More than 45 percent of households in Buenos Aires’s barrios populares did not have internet access at home, according to the Catholic University study, compared to just 3 percent of households without access in the wealthier parts of the city.

Almost half of households in the barrios populares also don’t have computers. That’s why an overwhelming majority of students there — 80 percent — rely on their mobile phones to study, the Observatorio study found.

“There is an education gap that always existed, and has become visible in the pandemic,” Daniela Gasparini, a psychologist with the social activist organisation Libres del Sur, told Al Jazeera.

“Neither the national ministry of education, nor the city ministry of education, have been capable of adapting the education system to this pandemic,” she added. “We really need to be thinking about how we prepare for what is coming.”

Demanding equality

On May 4, centre-left President Alberto Fernandez announced the government would be handing out 633,000 laptops this year to high school students across the country, prioritising those who had seen their connection to the classroom drop dramatically, or disappear entirely.

Fernandez touted the investment as a “moral obligation” and one that will have the added benefit of creating local employment, as the netbook computers will be manufactured at eight Argentine factories.

Providing students with free netbooks was a signature initiative of former left-wing President Cristina Fernandez de Kirchner — a scheme that was scaled back by her conservative successor, President Mauricio Macri.

Fernandez has also promised to extend fibre optic lines to “every corner of the country” to ensure better connectivity.

“Internet access today for a child is the equivalent of what access to a book was in my era,” he said during the May 4 netbook announcement in the Buenos Aires suburb of Ezeiza.

Nursing student Aldana Ramos holds a sign that reads ‘That No One Be Left Out’ during a protest demanding better internet connectivity and computers from the Argentine government on May 6 in Buenos Aires [Natalie Alcoba/Al Jazeera]

But more action is needed. Libres del Sur organised a sit-in and “public class” at the famous Buenos Aires Obelisk on May 6 to call on the government to do more.

The group is demanding free Wi-Fi in the barrios populares, as well as computers for students. It also wants to see increased education grants and proper sanitisation practices at schools that are open for in-person learning to keep students safe.

Both de los Santos and Ramos attended the Obelisk protest. The bitter irony of the ripple effects of pandemic learning has not been lost on de los Santos, whose university student association has been calling for more digital learning options for years — only to find too many students can’t access them.

Gasparini said Fernandez’s announcement is a “necessary measure, but it’s not enough”.

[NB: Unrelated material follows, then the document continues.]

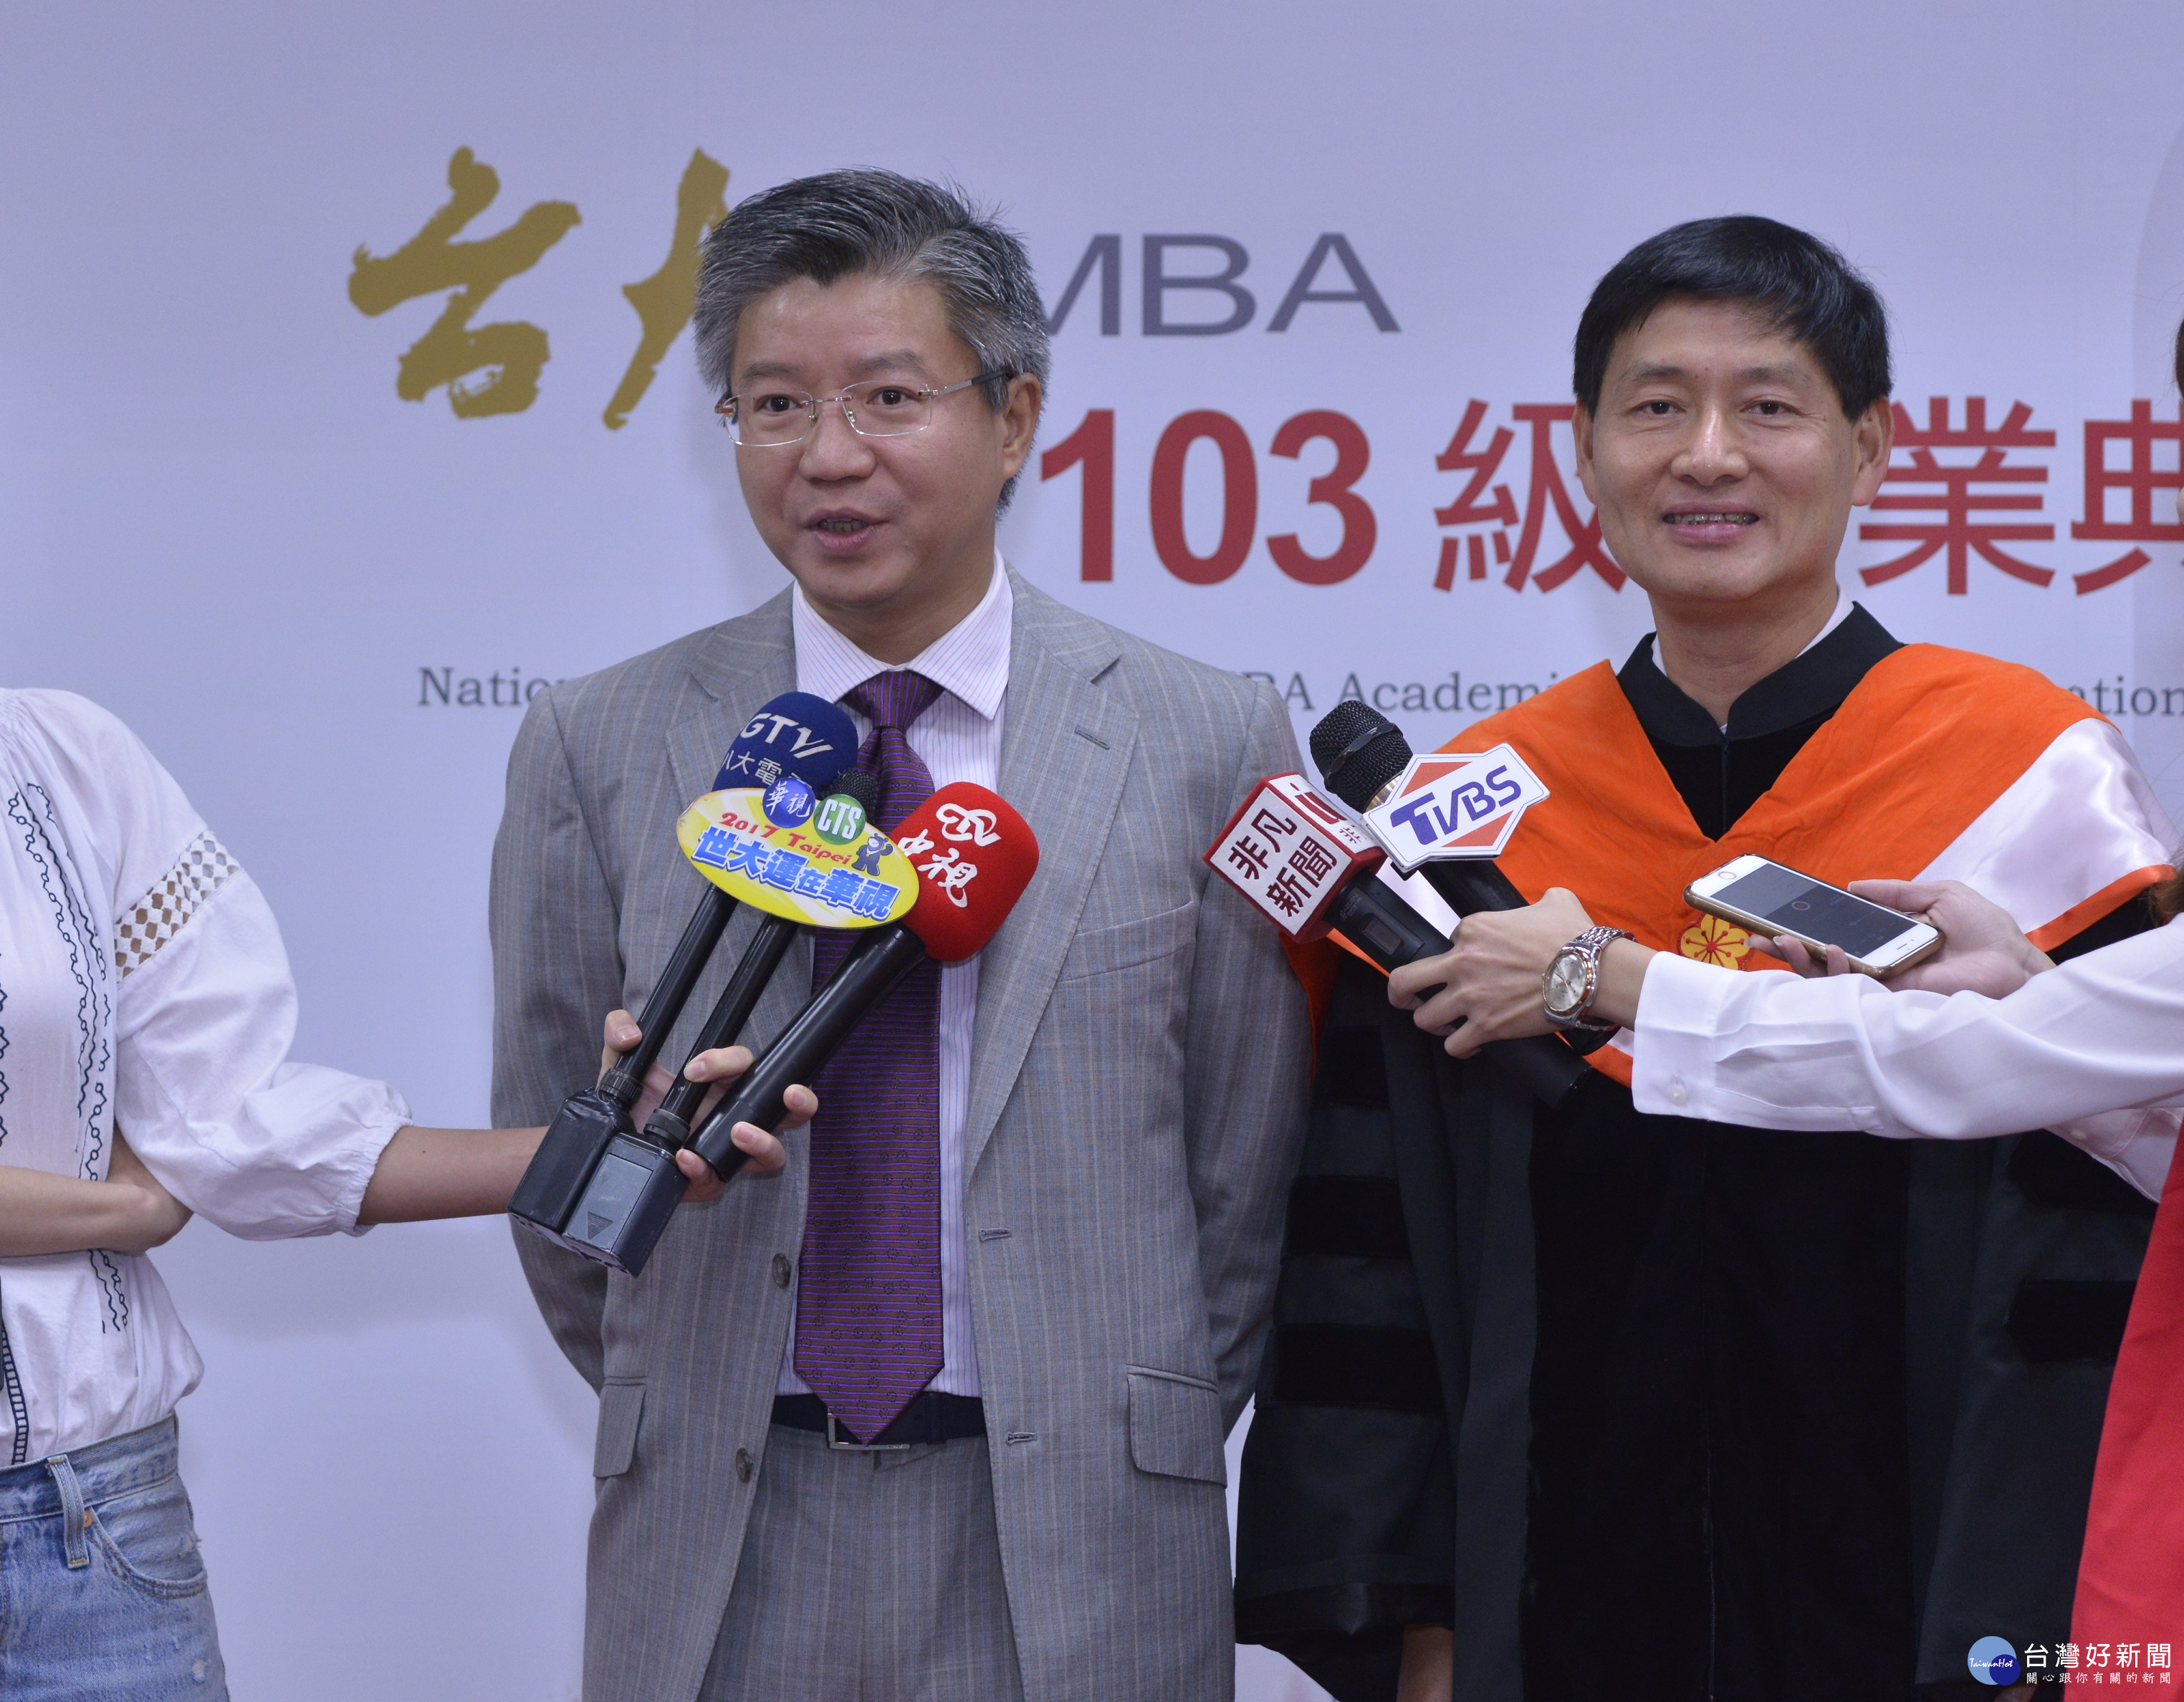 上海復旦大學管理學院陸雄文院長(左)與臺灣大學管理學院郭瑞祥院長(右)受訪合照

“We have to get to all the low-income homes, and also the homes where the entire family has to use the same mobile device,” she said.

That was the case for Ramos, who spent the early part of the pandemic scrounging up the pesos necessary to afford the data needed to watch lectures and access course materials on her phone. She often ran out of data before the two-hour classes were up, she said.

Her father picked up extra jobs as a construction worker so the family could afford to install internet at home, and to buy her 14-year-old brother a mobile phone on which to study so the siblings wouldn’t have to share. It was a tough expenditure given the mounting bills after Ramos’s mom lost her job as a cleaning lady.

“It was a disaster,” she remembers.

But then she took a moment to focus on what her long-term goals have always been — to one day become a doctor — and she found a way to keep studying.

“For our society to be able to advance as a society, we need to be educated,” she said.